As usual, this is taking me longer than intended!
So, now on to the content-related panels I went to.
On Friday morning, I went to the workshop “Medical Mistakes 101” with Melissa Yuan-Innes. I have been reading Melissa’s medical mysteries (the Hope Sze series, written as Melissa Yi) for a while and I really like them a lot. (I wrote about the first book in the series elsewhere on this site.)
Melissa had crowdsourced common errors and misrepresentations that other doctors notice in books and television. This proved to be a really useful approach and I appreciated breadth of detail, ranging from general problems to those specific to particular branches of medicine.
Most useful for my current work were her comments on CPR and resuscitation and current methods.

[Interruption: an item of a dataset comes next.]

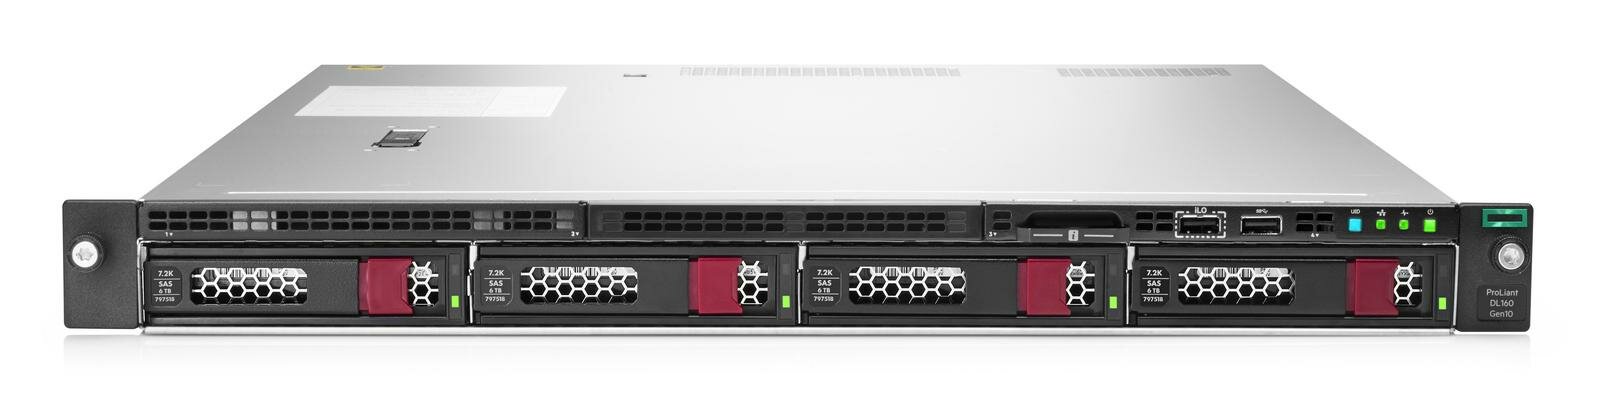 Сервер HPE Proliant DL160 Gen10, 1(up2)x 3204 Xeon-B 6C 1.9GHz, 1x16GB-R DDR4, S100i/ZM (RAID 0,1,5,10) noHDD (4 LFF 3.5 HP) 1x500W (up2), 2x1Gb/s, noDVD, iLO5, Rack1U, 3-3-3 P19559-B21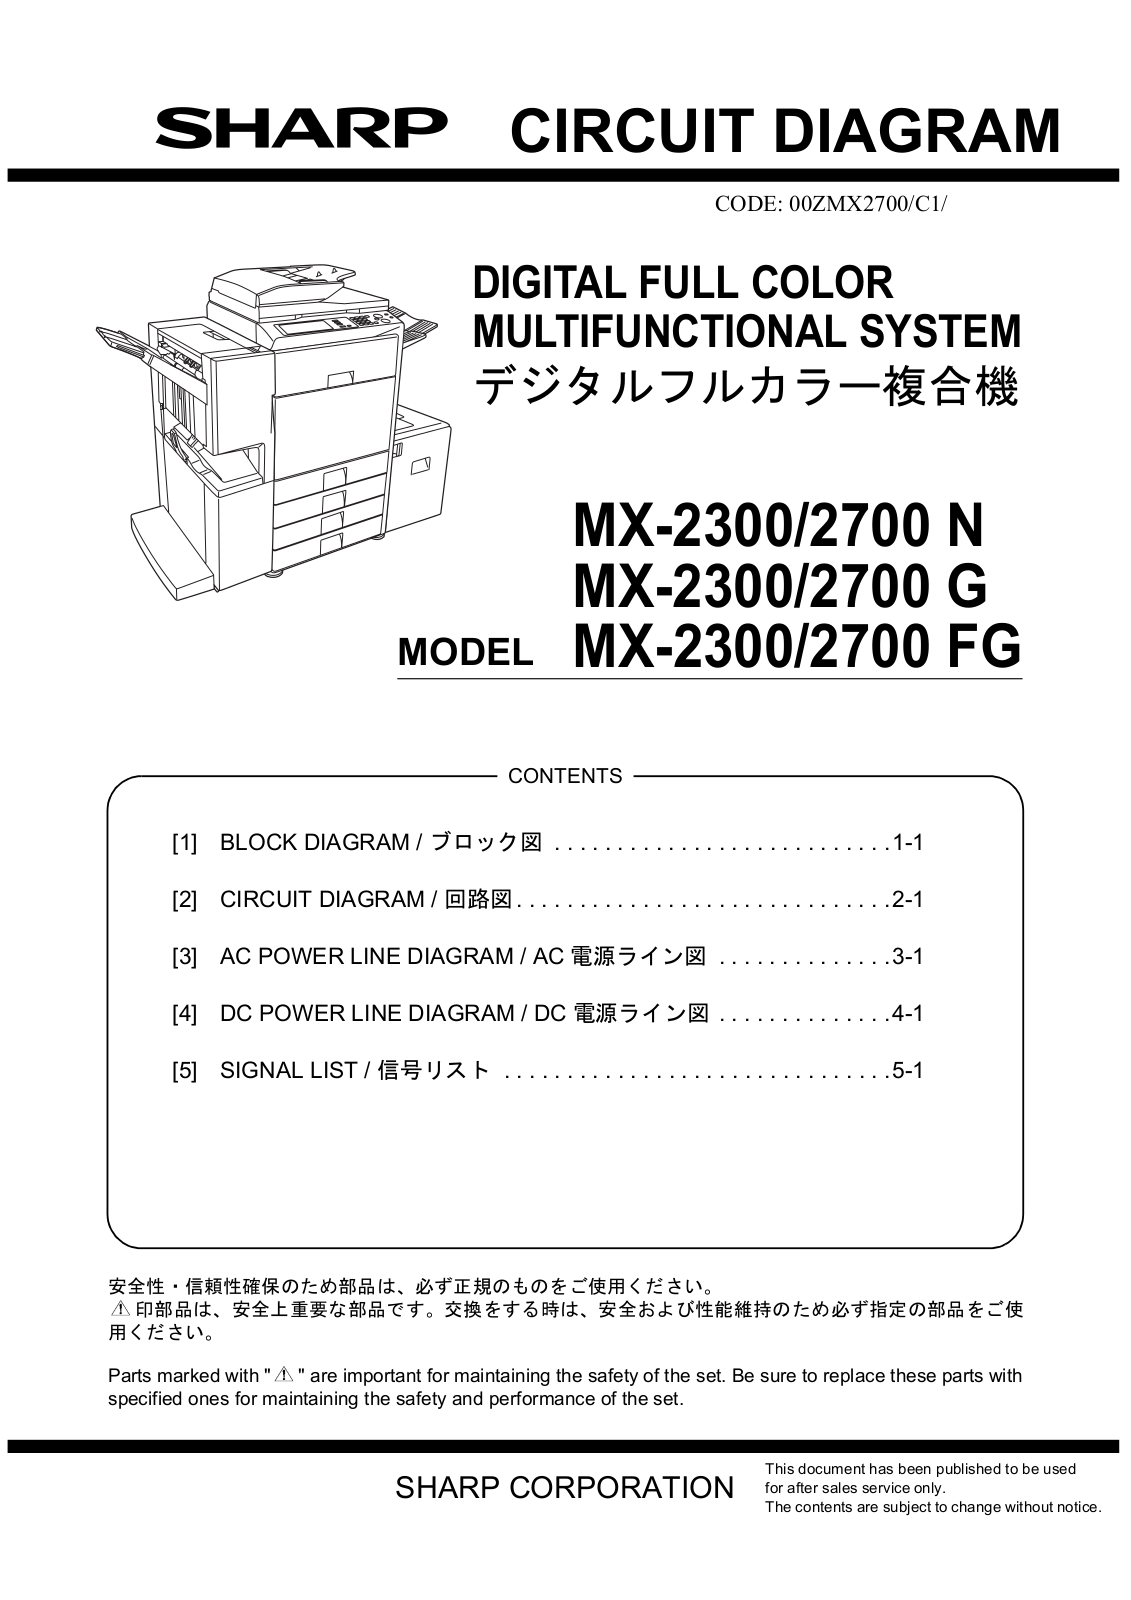 SHARP MX2700CD, MX-2300N, MX-2300G, MX-2300FG, MX-2700N Service Manual

Geology of the Solar System, moderated by Dylan Blacquiere with Michael Reid and Shirley Meier
This was an interesting discussion not only about the geology of our (and potentially other) solar system, but more broadly about habitability, the problem of single ecosystem planets in fiction, and the importance of being internally consistent within your story.
As with all the best panels, this one gave me various story ideas.
Designing a Planet Live, also moderated by Dylan Blacquiere, this time with Serena Tristen, Geoffrey Hart, Mark Robinson, and Anatoly Belilovsky
This panel was a free for all in the best way. It fit in well with the Geology of the Solar System one, in so far as they both considered the livability boundaries and range of planetary possibilities.
However, in this panel, Dylan took the panelists through the steps of collaboratively designing a planet, starting with the geology and water cycle and how to make choices that would result in an interesting planet.
I particularly liked how well all the panelists considered the implications of the different choices at each step, for example about energy inputs and what kind of life might develop as the result of different options.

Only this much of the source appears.